Speaking at his first State of the Downtown address Wednesday, Darrell Steinberg called for the city to rethink a planned $170 million revamp of the convention center and instead use some of that money for “iconic” projects aimed at increasing the city’s appeal for tourists and residents.
Steinberg told a business crowd gathered at Memorial Auditorium that a bigger convention center alone wouldn’t draw the large-scale conventions the city needs to spur greater economic growth, including construction of new hotels to increase the traveler taxes that in turn fund projects.
He encouraged planners instead to “step back” and “remember that our task is not just to attract people to Sacramento for a single purpose ... our opportunity is to make our city and our region an essential experience for tourists and people who live in our city.”
He floated the ideas of a world-class aquarium, a public market, a “grand urban park” or a plaza with an outdoor movie screen between the convention center and the Community Center Theater. The idea for an aquarium is not new: It was first suggested in the mid-1990s by the late Mayor Joe Serna Jr. A decade later, developer Darius Anderson wanted to build one on city-owned land along Capitol Mall. Steinberg also singled out the riverfront Powerhouse Science Center project, which has long struggled to find funds, and asked the crowd to envision what it would mean to have a “nationally recognized education science center.”
Those types of “amenity” projects, Steinberg said, could help the city solve the “conundrum of the waterfront,” and have a “direct and substantial relationship to increasing the number of people who visit.”
“Let us be honest, let us acknowledge that even with our momentum, we do not yet have enough iconic attractions in our downtown,” said Steinberg.
Steinberg said while he supported an expansion of the convention center, he would like to see its price tag slashed so that some of those public funds could be tapped to pay for crowd-pleasing projects. He also suggested that private money could be used in partnership with public financing.
Steve Hammond, president and CEO of Visit Sacramento, said his staff had been meeting with the mayor and they were “on the same page.” Hammond said “adjustments” would have to be made to the current convention center proposal if funds were diverted and that he expected more “clarity” on the mayor’s vision in coming weeks as city hall presented details.
The mayor’s message to make Sacramento a “destination city” was one he’s given before, but without the direct call to lower the convention center budget.
In October, before he took office, the City Council approved a major renovation of the aging Community Center Theater and moved forward with a first stage of design plans for a 108,000-square-foot expansion of the convention center, including more exhibition space, meeting rooms and a new kitchen for the J Street facility.
At that time, Steinberg wrote a public letter to the council urging them to “think big” on the convention center, and called for a re-examination of the plan.
Steinberg’s call to revamp a plan that was near approval caused some contention within the business and economic development community.
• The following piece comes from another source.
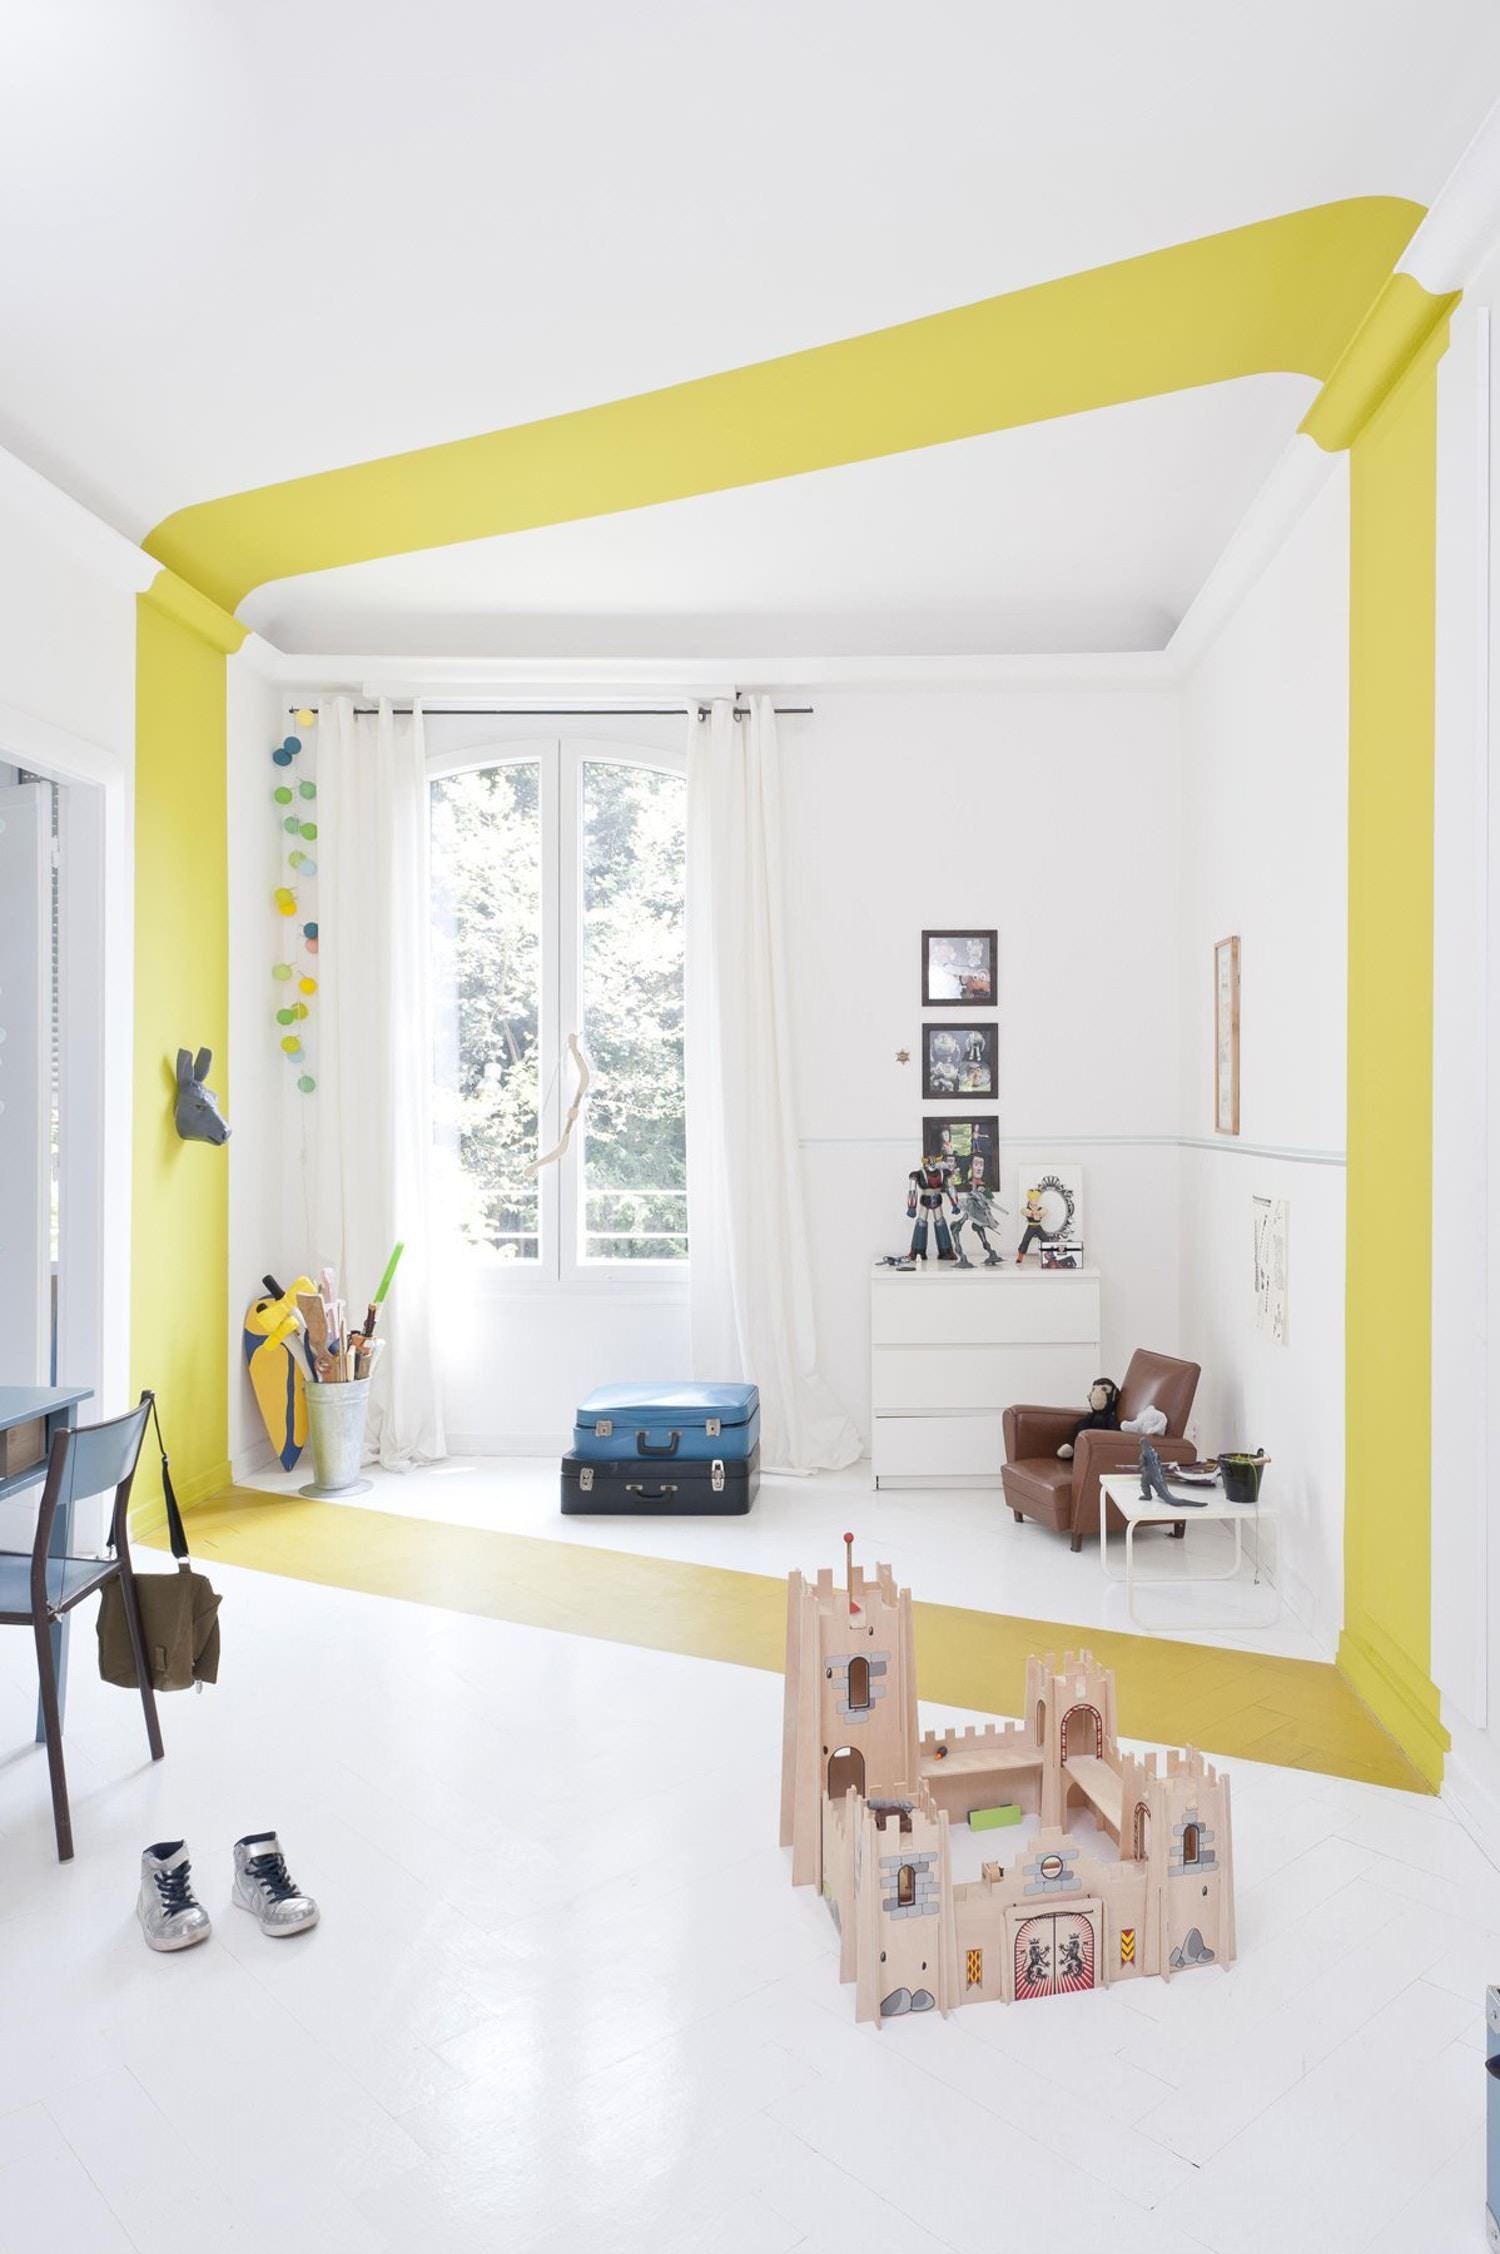 Design stanza ragazzo allegra e luminosa con una particolare striscia gialla che percorre in verticale tutta la stanza - idee cameretta bambini moderna e originale
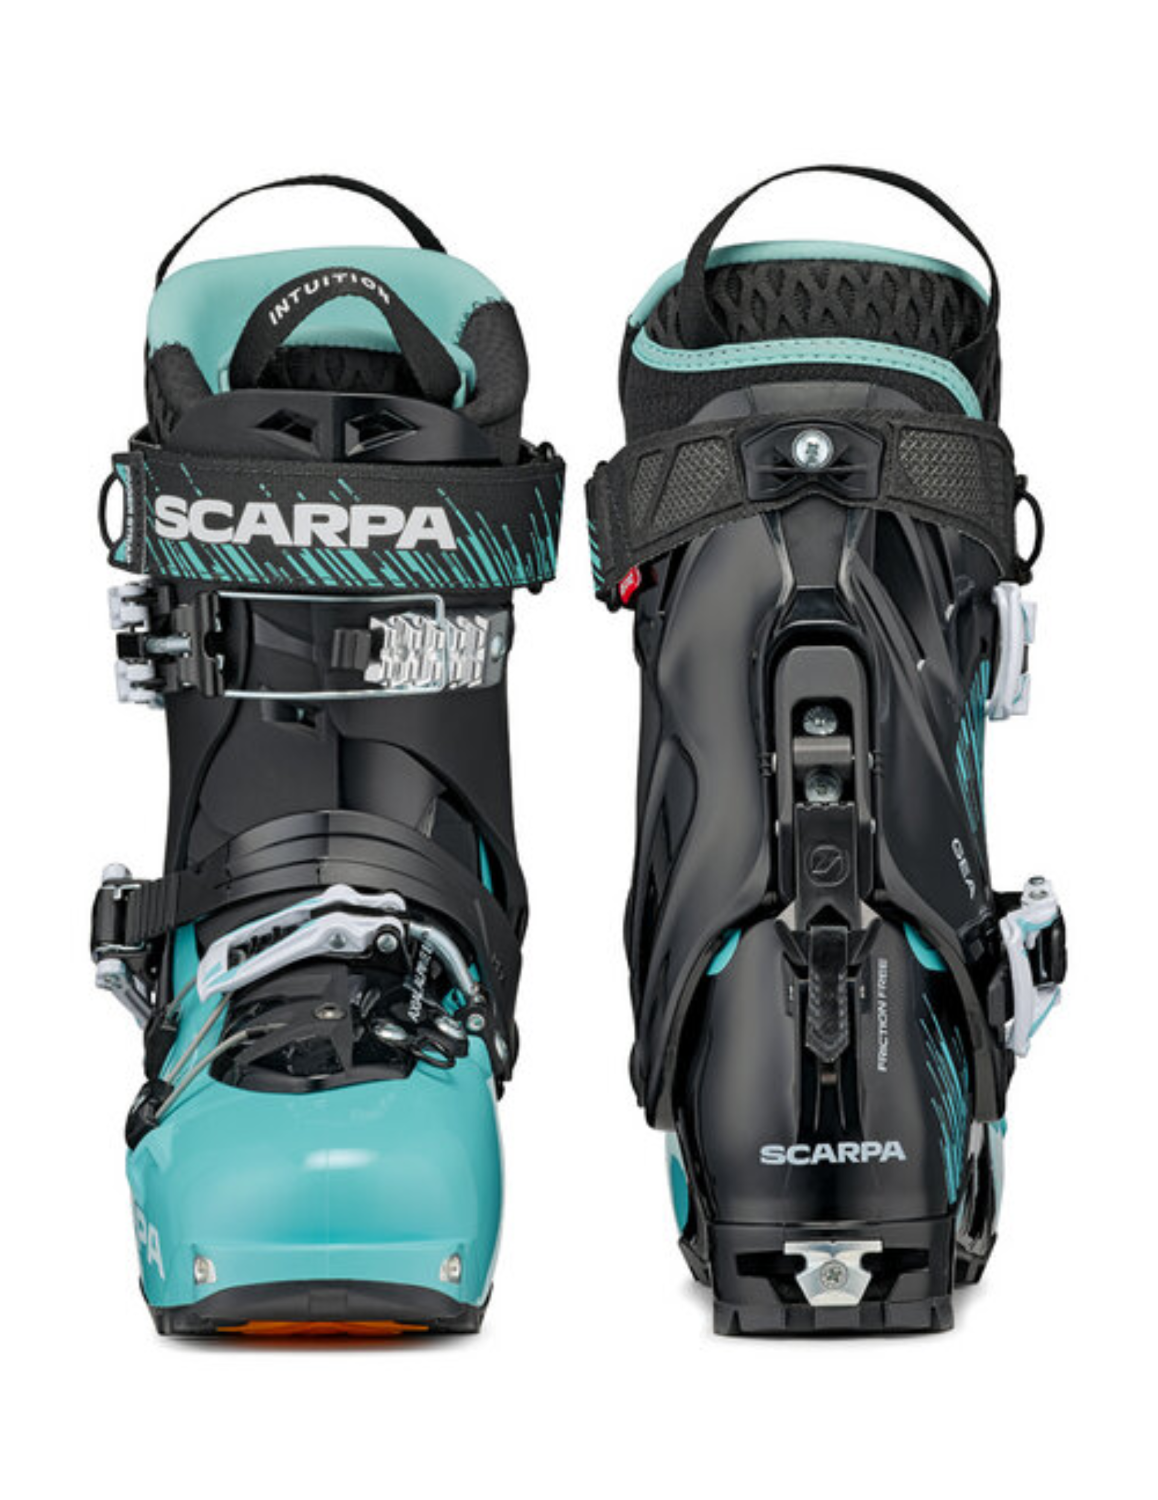 Chaussures de ski de randonnée SCARPA Gea pour femme, boucles de serrage ultra-précises

The city argued in October that $170 million was the most it could afford to spend on the convention center and that expanding as much as possible was necessary to grow revenue. A city staff report cautioned that the project’s final bill could balloon by $1.3 million by every month it was delayed.
The project would be funded with bonds backed by the city’s 12 percent transient occupancy tax, which is expected to raise $230 million – money that would also be used for the Community Center Theater and an upgrade of Memorial Auditorium. Those three projects together currently have a total projected cost of $270 million. State loans, money saved from closing the facilities during renovations and other city funds would make up the rest.